* **EXERCISE INSTRUCTIONS**
Retype the whole listing exactly. Leave out pictures.

* **COLLECTED DATA**
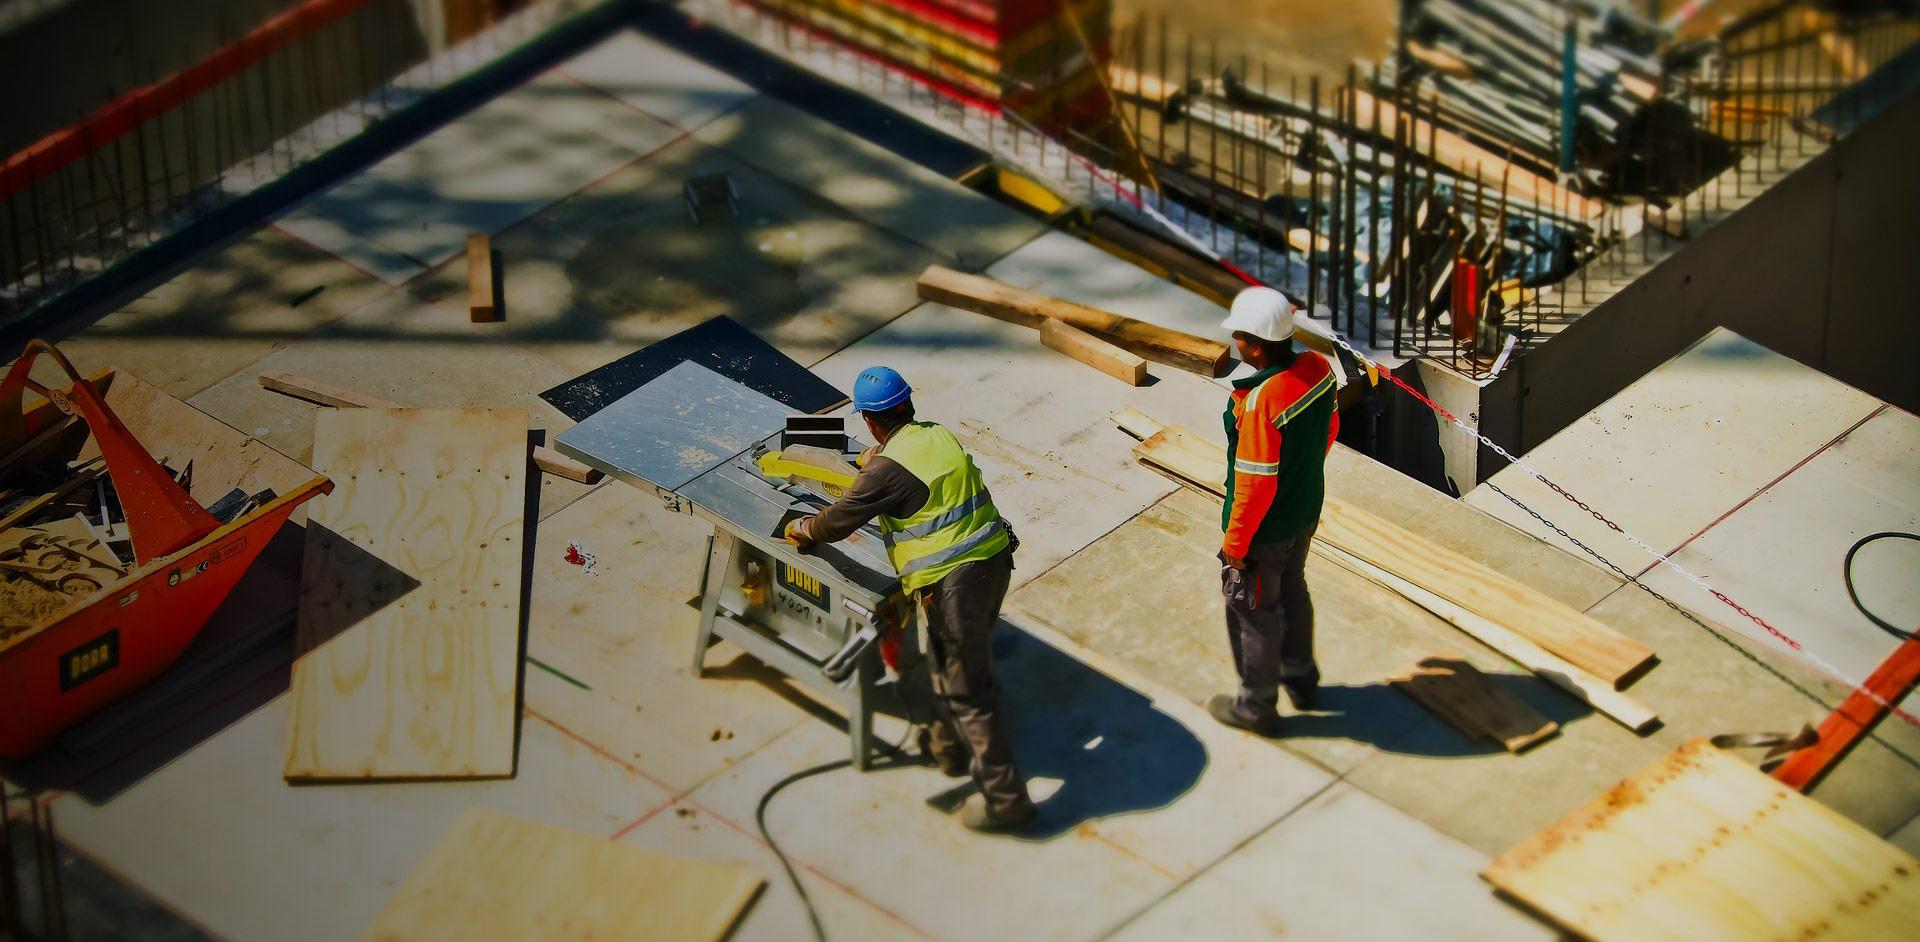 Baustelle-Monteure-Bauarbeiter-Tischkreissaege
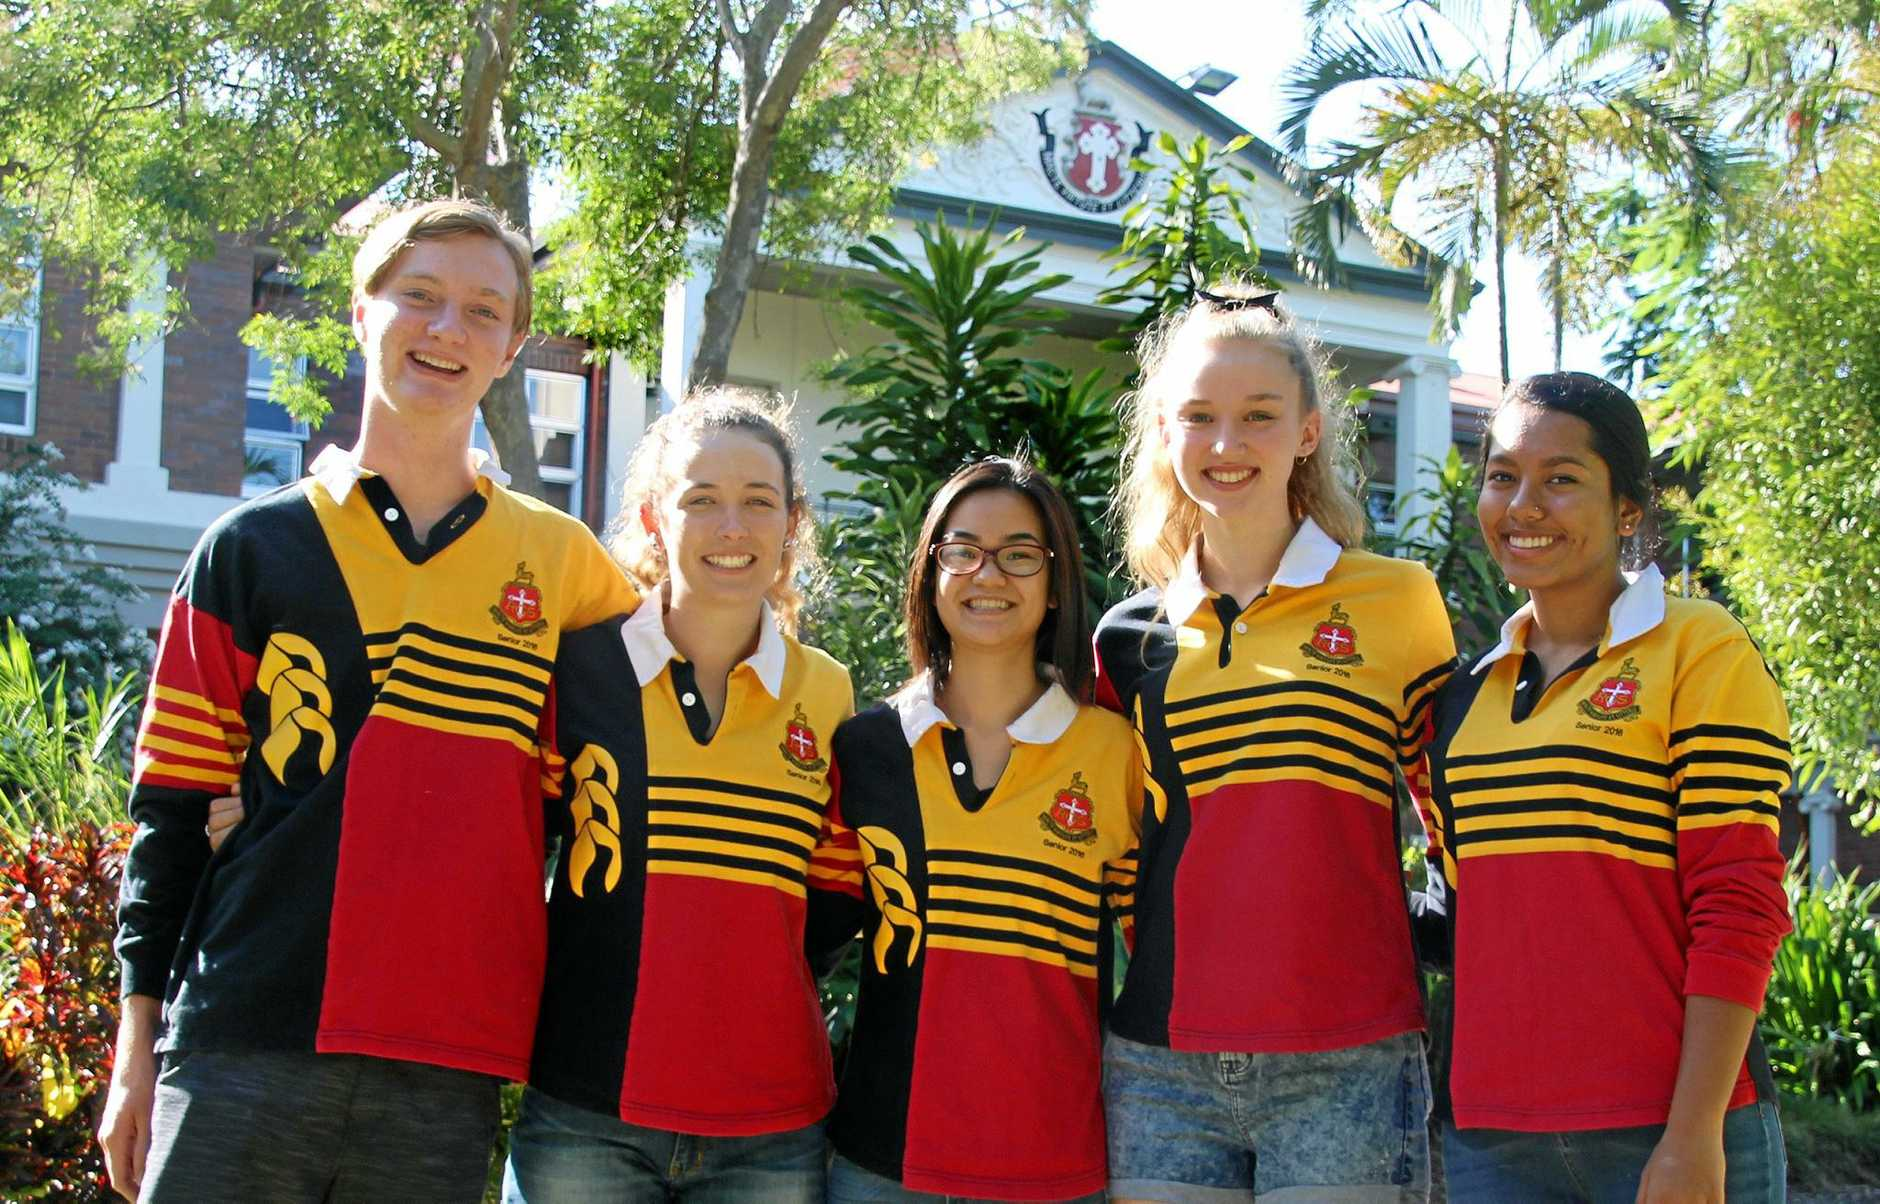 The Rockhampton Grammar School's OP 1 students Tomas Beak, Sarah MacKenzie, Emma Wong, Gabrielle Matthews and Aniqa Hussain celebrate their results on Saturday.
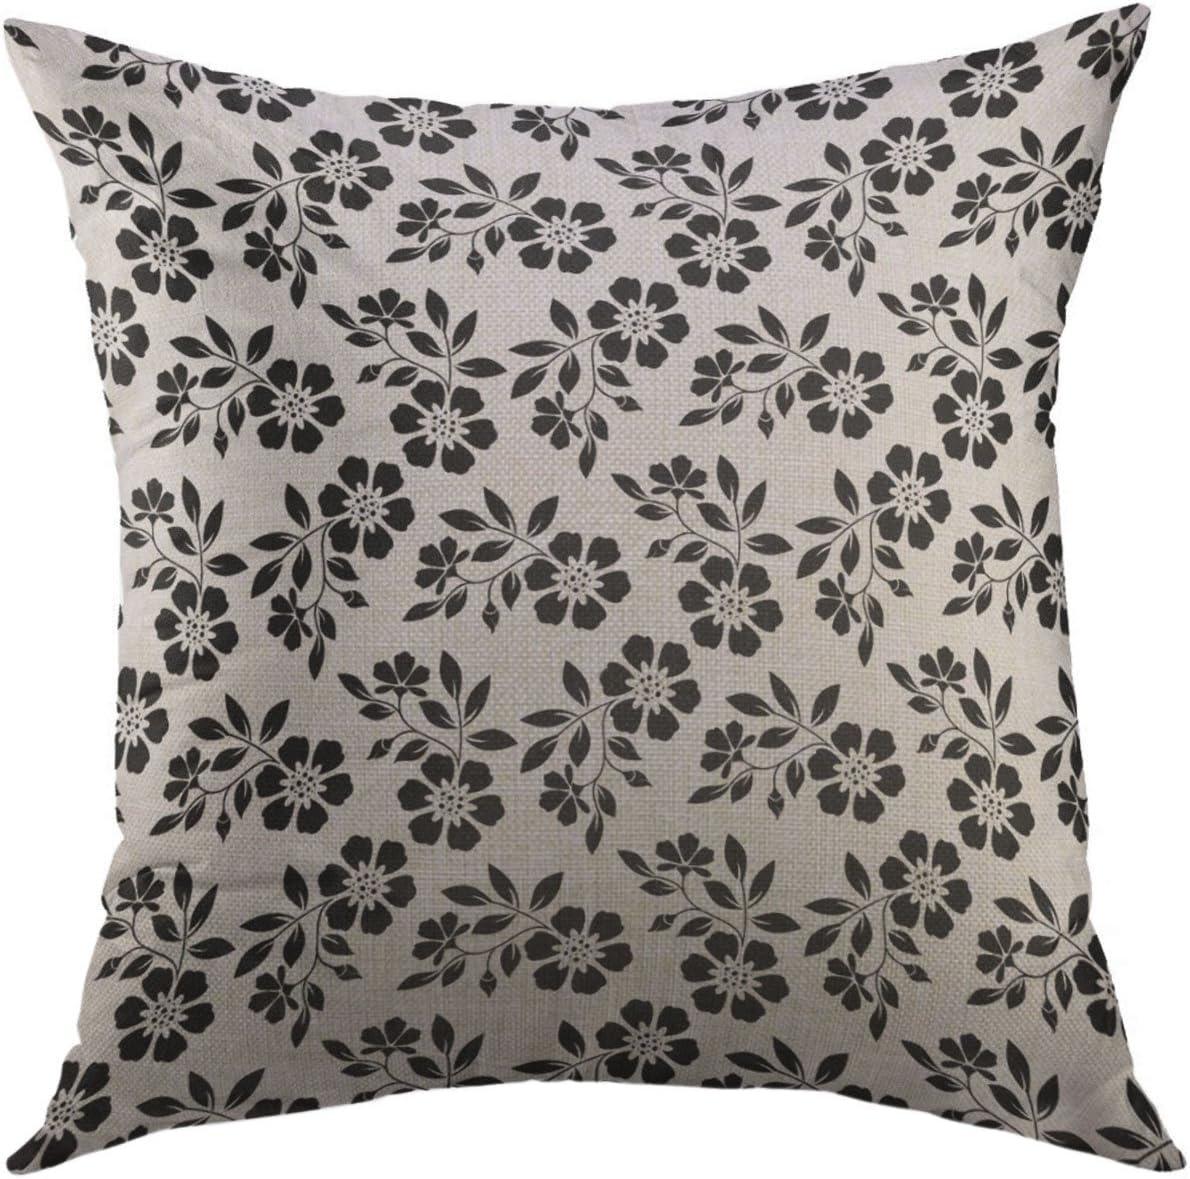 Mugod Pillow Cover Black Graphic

* **ANSWER BOX**
 Baustelle-Monteure-Bauarbeiter-Tischkreissaege
 The Rockhampton Grammar School's OP 1 students Tomas Beak, Sarah MacKenzie, Emma Wong, Gabrielle Matthews and Aniqa Hussain celebrate their results on Saturday.
 Mugod Pillow Cover Black Graphic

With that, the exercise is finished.